» THE DATA:
——

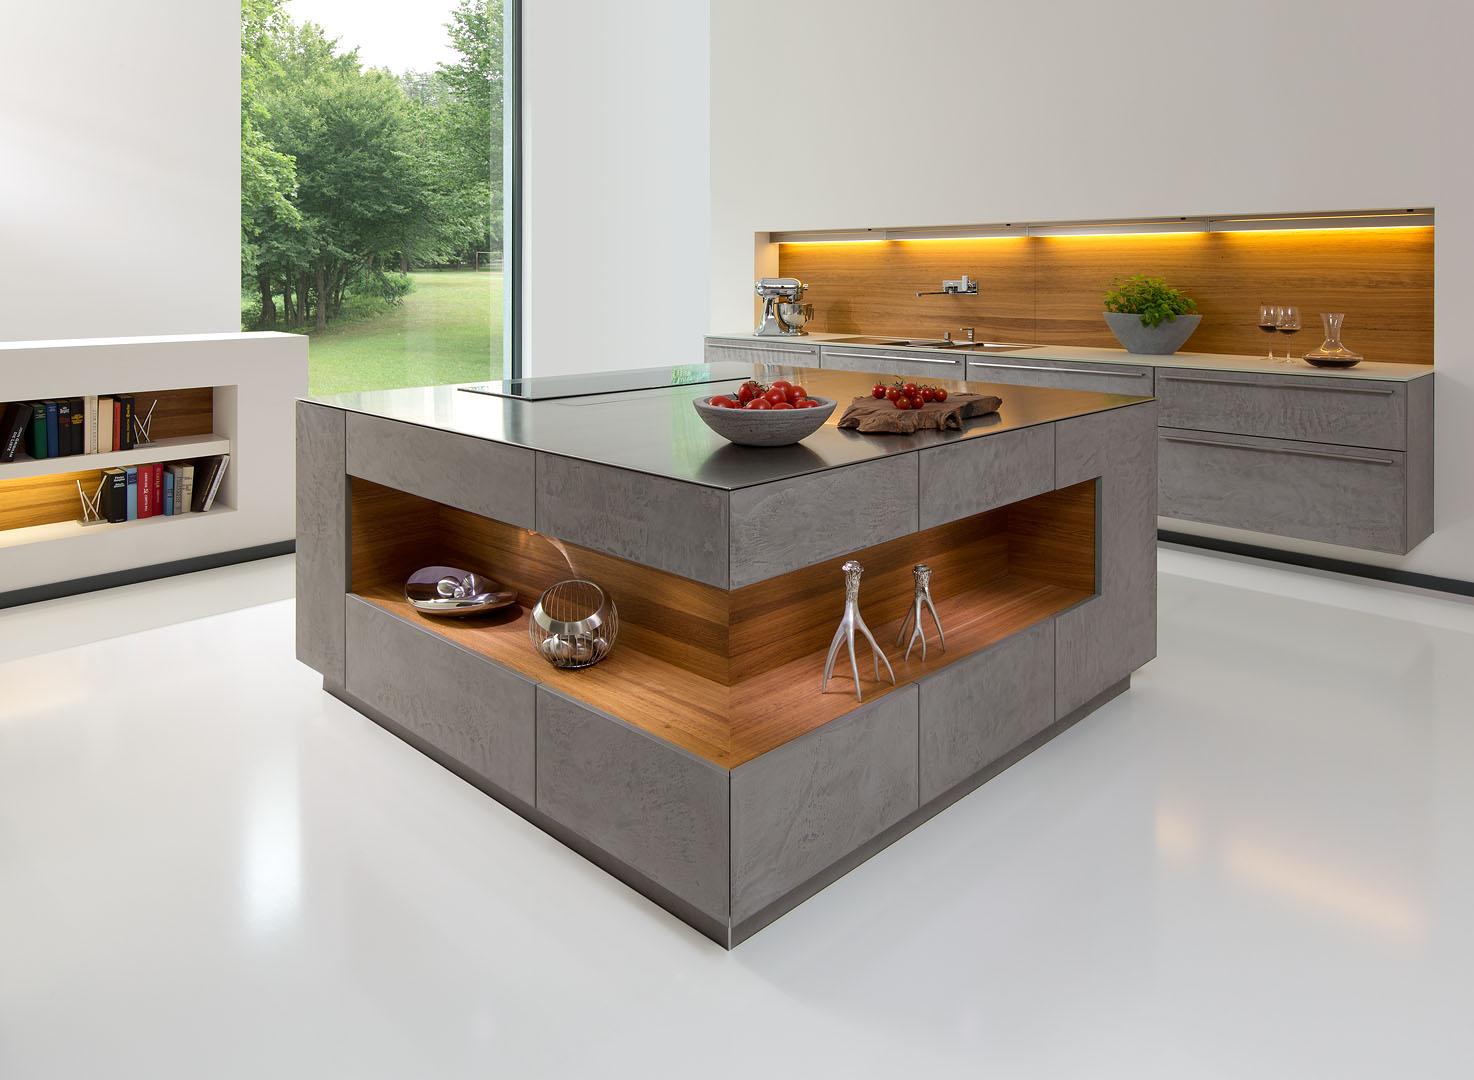 Full Size of Hängeregal Kücheninsel Eine Moderne Kochinsel Fr Luxurise Kchen Küche Wohnzimmer Hängeregal Kücheninsel
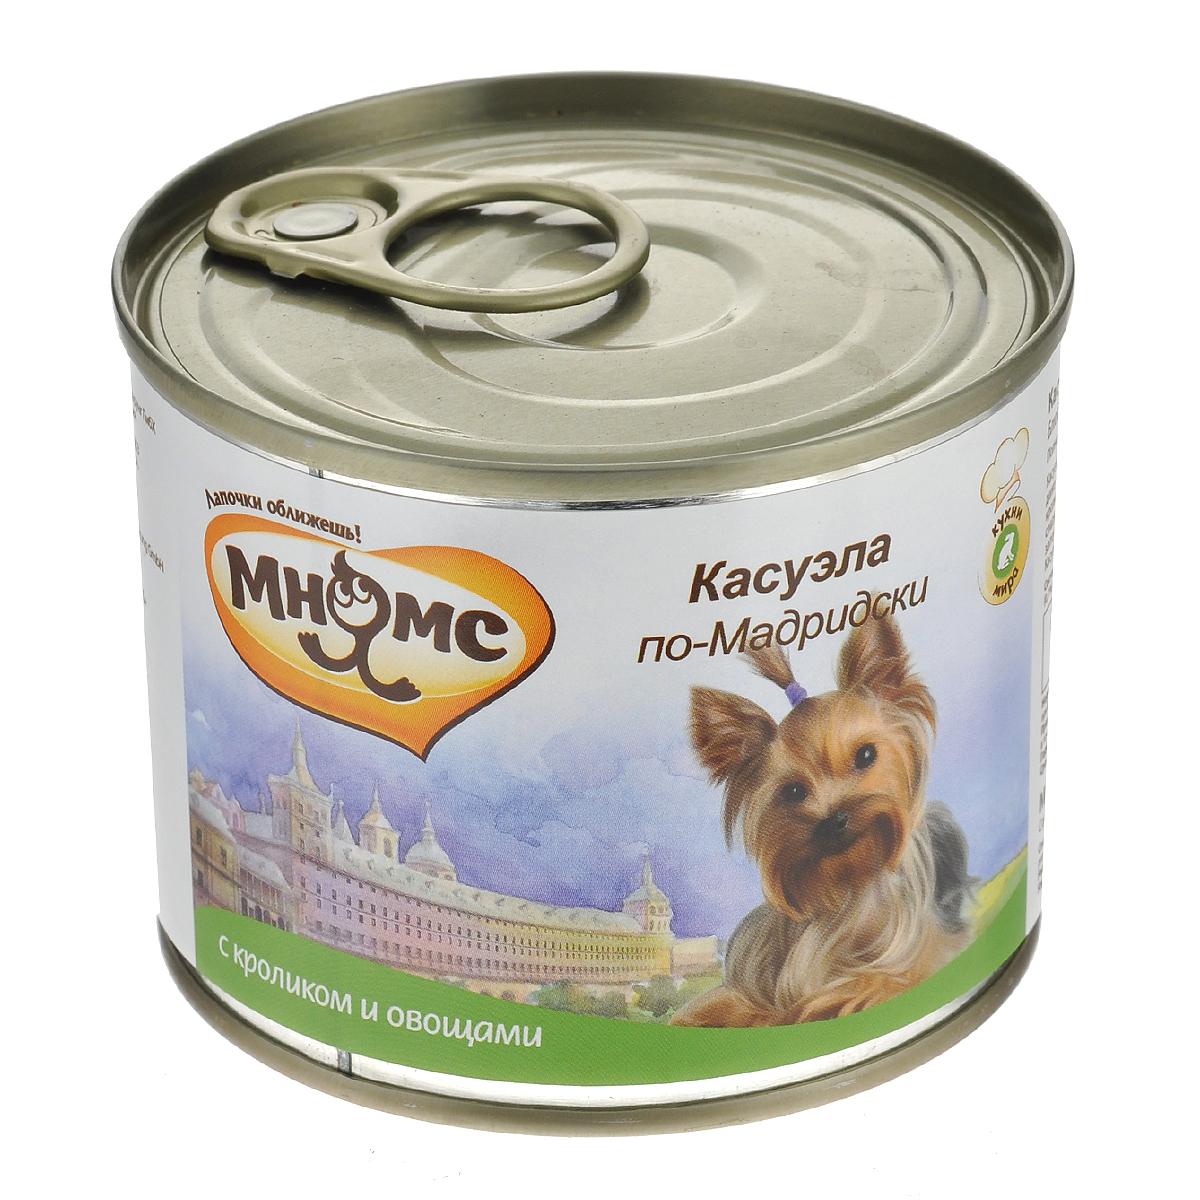 Консервы для собак Мнямс Касуэла по-Мадридски, с кроликом и овощами, 200 г57671Полнорационные корма Мнямс, производимые в Германии, содержат все необходимое для здоровой и счастливой жизни вашего питомца. Входящие в состав ингредиенты абсолютно натуральны, сбалансированы и при этом обладают высокой вкусовой привлекательностью. Косуэла - очень популярное блюдо в Испании и странах Латинской Америки. Его готовят из различных сортов мяса и даже морепродуктов, с обязательным добавлением овощей и бобовых. Для косуэлы по-мадридски выбирают мясо кролика. Тушку разрезают на кусочки и выкладывают на противень с растопленным сливочным маслом, затем добавляют лук, сладкий перец, помидоры и заранее подготовленную фасоль. Блюдо заливают белым вином и сначала тушат, а потом запекают до золотистой корочки. Нежное мясо кролика, душистая фасоль, пряный вкус овощей и приправ делают косуэлу по-мадридски настоящим деликатесом. При кормлении необходимо учитывать возраст и активность животного. Собака всегда должна иметь доступ к свежей...
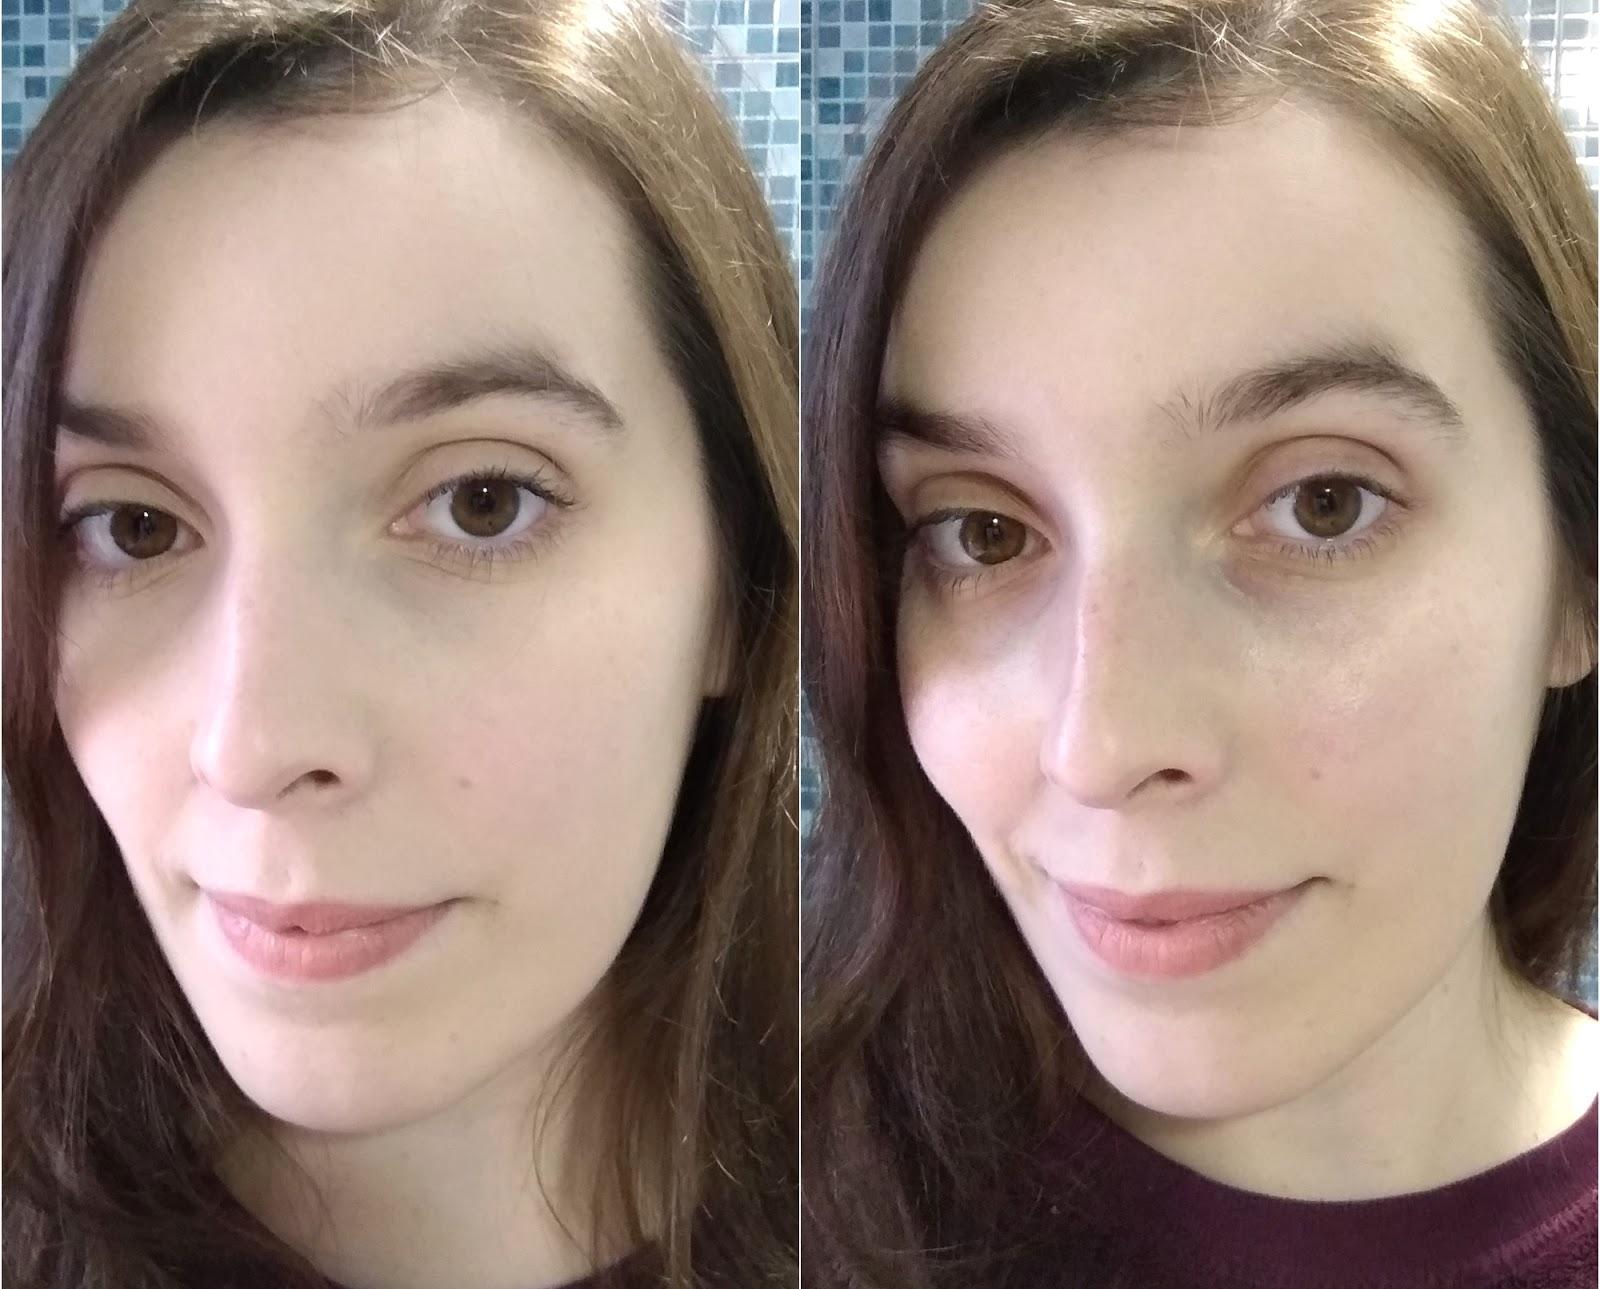 Desmaquilhante de olhos bifásico Cien - Resultados

——

» YOUR TASK:
Could the material above be written out again word for word, with the pictures dropped?

» RESPONSE AREA:
 Full Size of Hängeregal Kücheninsel Eine Moderne Kochinsel Fr Luxurise Kchen Küche Wohnzimmer Hängeregal Kücheninsel
 Консервы для собак Мнямс Касуэла по-Мадридски, с кроликом и овощами, 200 г57671Полнорационные корма Мнямс, производимые в Германии, содержат все необходимое для здоровой и счастливой жизни вашего питомца. Входящие в состав ингредиенты абсолютно натуральны, сбалансированы и при этом обладают высокой вкусовой привлекательностью. Косуэла - очень популярное блюдо в Испании и странах Латинской Америки. Его готовят из различных сортов мяса и даже морепродуктов, с обязательным добавлением овощей и бобовых. Для косуэлы по-мадридски выбирают мясо кролика. Тушку разрезают на кусочки и выкладывают на противень с растопленным сливочным маслом, затем добавляют лук, сладкий перец, помидоры и заранее подготовленную фасоль. Блюдо заливают белым вином и сначала тушат, а потом запекают до золотистой корочки. Нежное мясо кролика, душистая фасоль, пряный вкус овощей и приправ делают косуэлу по-мадридски настоящим деликатесом. При кормлении необходимо учитывать возраст и активность животного. Собака всегда должна иметь доступ к свежей...
 Desmaquilhante de olhos bifásico Cien - Resultados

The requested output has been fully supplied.